The Ground Zero Scandal
This article is from the archive of The New York Sun before the launch of its new website in 2022. The Sun has neither altered nor updated such articles but will seek to correct any errors, mis-categorizations or other problems introduced during transfer.

In the grand scheme of things three and a half years may be but the blink of an eye, but for New Yorkers who walk by the hole at ground zero every day, it has been far too long a wait for a deal resolving the fate of the site. News that such a deal may require spending $6 billion in public funds on digging a tunnel from New Jersey to Midtown Manhattan, as our David Lombino reports today, only underscores how frustrating the whole matter has been to New Yorkers. Just consider what has transpired since terrorists felled the World Trade Center.

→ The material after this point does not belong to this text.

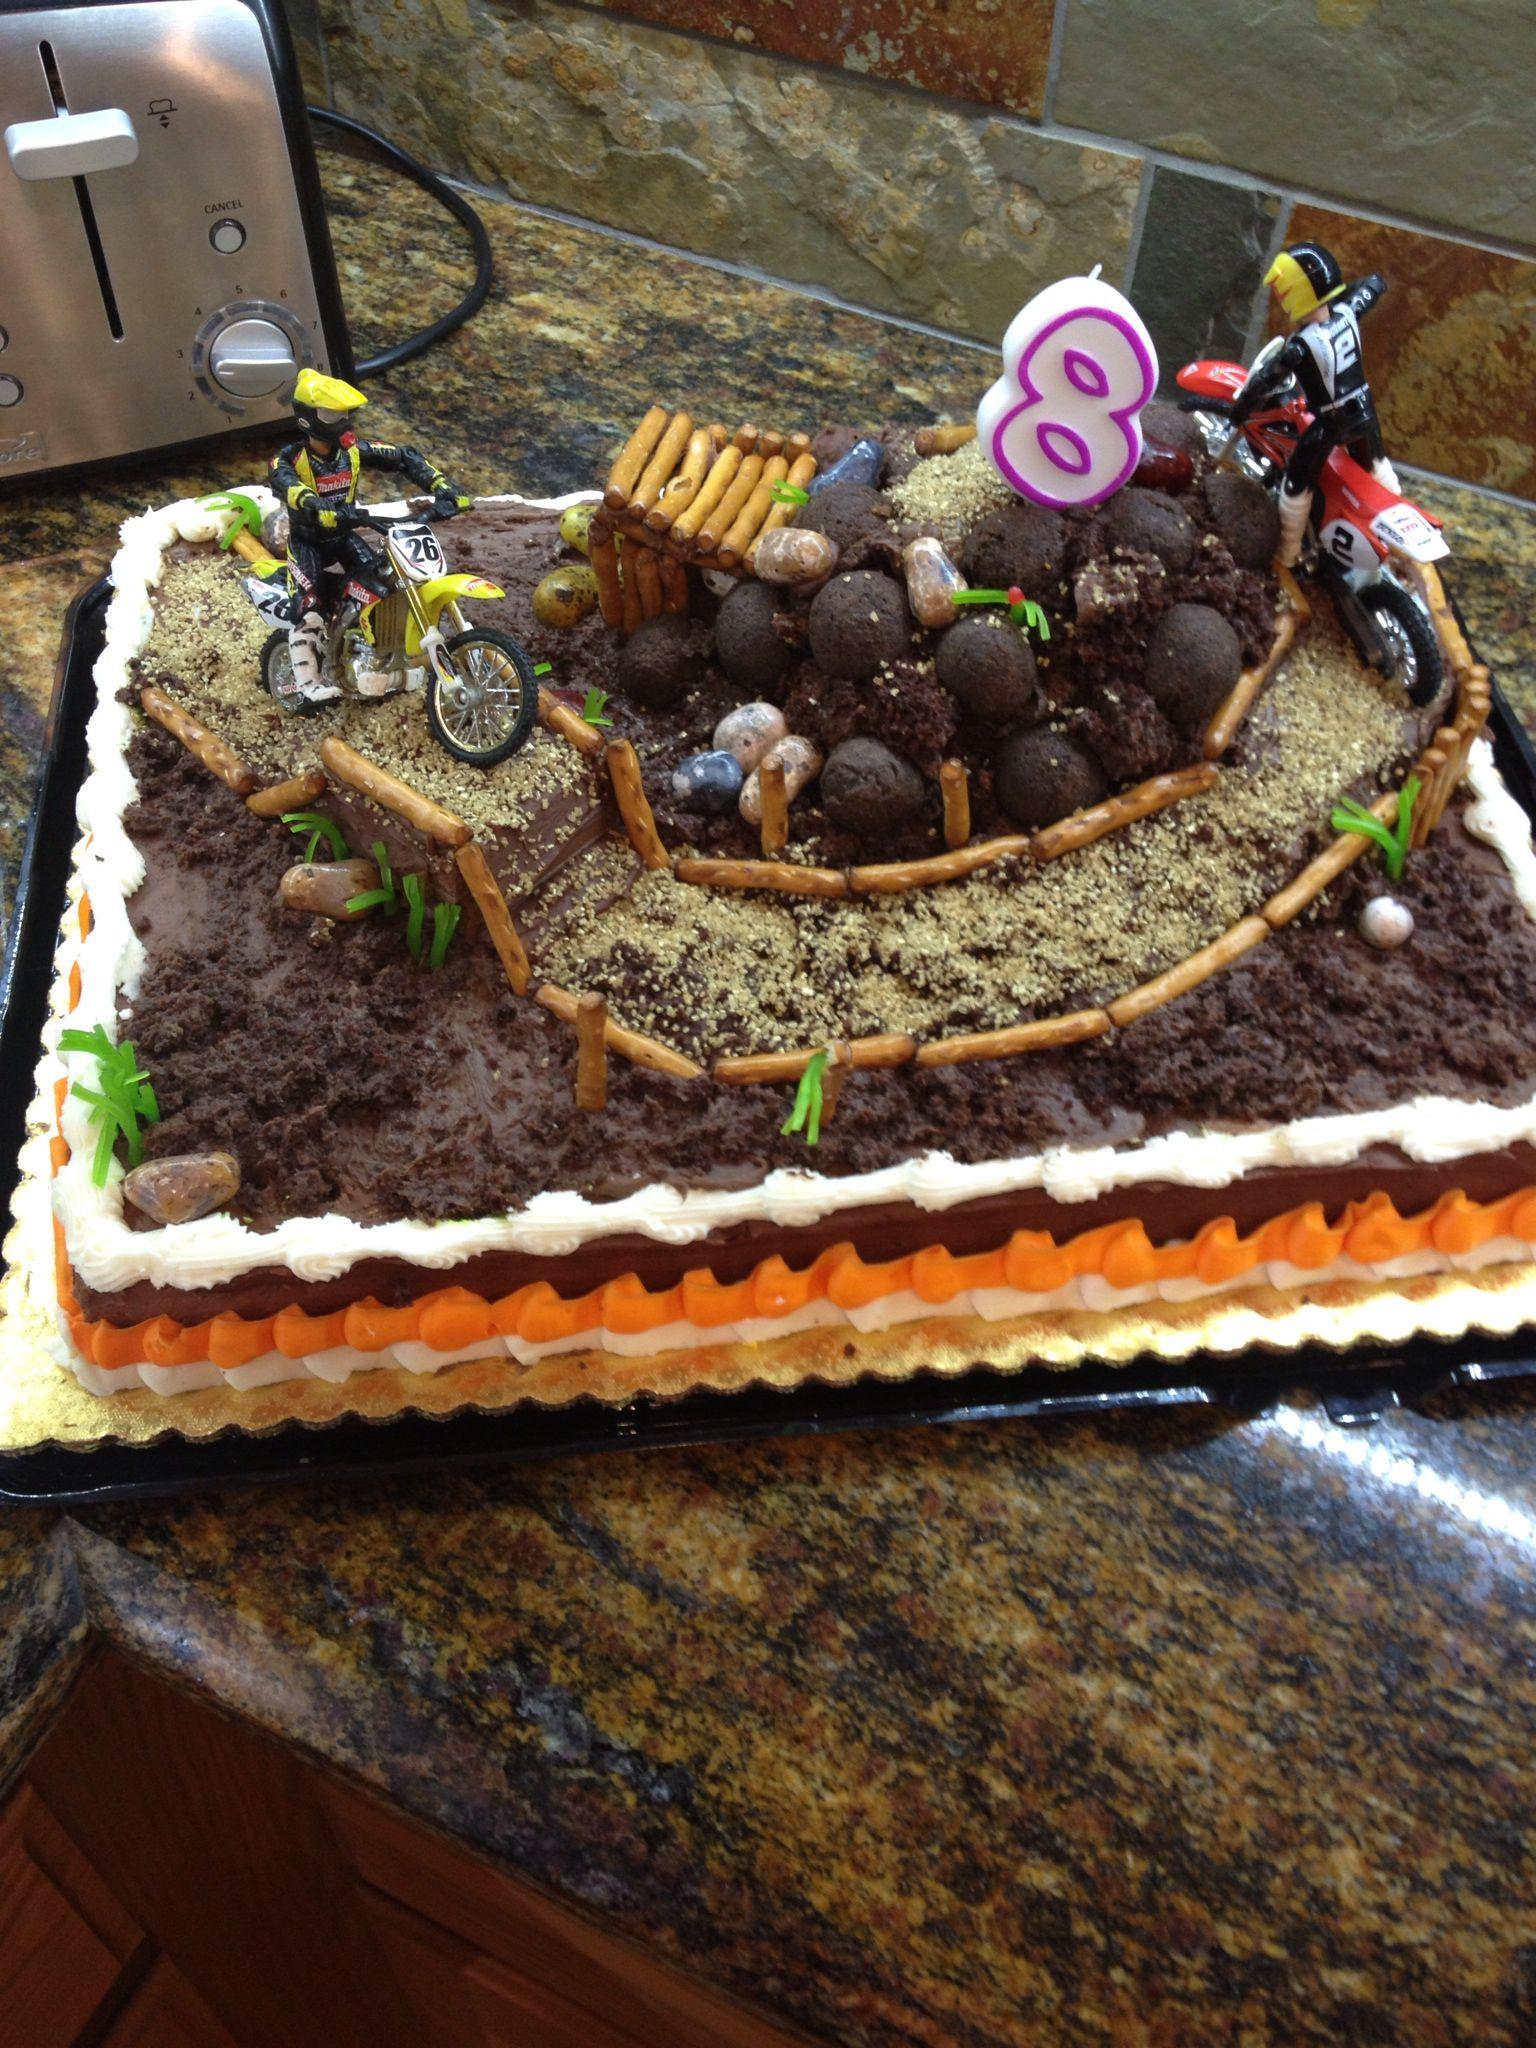 Terrific Coltons Dirt Bike Cake Birthday Cake Kids Bike Cakes Dirt Personalised Birthday Cards Paralily Jamesorg

Congress provided $8 billion in Liberty Bonds, giving developers the opportunity to finance redevelopment projects with triple-tax-exempt debt. It was left to the governor and the mayor to find ways to divvy up the bonds, which they happily did, although not necessarily for projects in keeping with what American taxpayers had in mind. For example, the developer of Bank of America’s new building at Bryant Park, on 42nd Street, benefited from $650 million of Liberty Bond financing for a project that was neither damaged during the September 11 attacks nor even in Lower Manhattan.
Meantime, Goldman Sachs, which didn’t deign to move to ground zero itself but whose $38-million-a-year chief executive was willing to build nearby, managed to extract from the city and state $1.6 billion of Liberty Bond financing. Federal downtown rebuilding money has been sprinkled on the National Museum of the American Indian, which is at Bowling Green and received $1.5 million, according to yesterday’s New York Times, and the Tenement Museum on the Lower East Side, which is getting $1 million. The South Ferry subway station is being rebuilt at a cost of $450 million in public funds, though it was hardly damaged by the September 11 attacks.
Meanwhile, those organizing the memorial to those killed at ground zero are being asked to resort to private fundraising. It’s a scandal – downtown rebuilding money for Bank of America, Goldman Sachs, the Museum of the American Indian, and the South Ferry subway station, but Larry Silverstein, who bought a 99-year lease to the trade center site fair and square, is being forced to practically beg for rebuilding money he needs, and the families of victims are being asked to raise money privately for a memorial.
This story is more about the dangers of throwing around large quantities of federal tax dollars than about anything else. The availability of so much “free” money – at least free to the politicians themselves, although certainly not to the taxpayers who elect them – has distorted and delayed the debate over ground zero. That debate, in turn, has led to a delay of years, not months, in redeveloping ground zero itself. Mr. Silverstein likes to note that while ground zero has been mired in bureaucratic strife, he is ready to sign leases on 7 World Trade Center, a site across the street that was also destroyed but that the private sector, in the person of Mr. Silverstein, has already succeeded in building. Yet Mr. Silverstein’s is not the only private-sector vision for Lower Manhattan; private developers are already realizing the mayor’s dream of a 24/7 residential neighborhood around Lower Manhattan by converting obsolete office space into apartments.
An ordinary marketplace would allow many competing visionaries to bring their dreams to life and over time individual people and firms would choose their preferences. At ground zero, alas, this has not happened. A combination of factors, from the Port Authority’s ownership of the site to the role of Liberty Bond financing in redevelopment to the emotional stakes, have hindered building on the site for three and a half years. With luck, New Yorkers may be near the end now and the cranes will start going up soon. The lesson, however, will remain. Far from making things better, the government succeeded in showing how to waste money.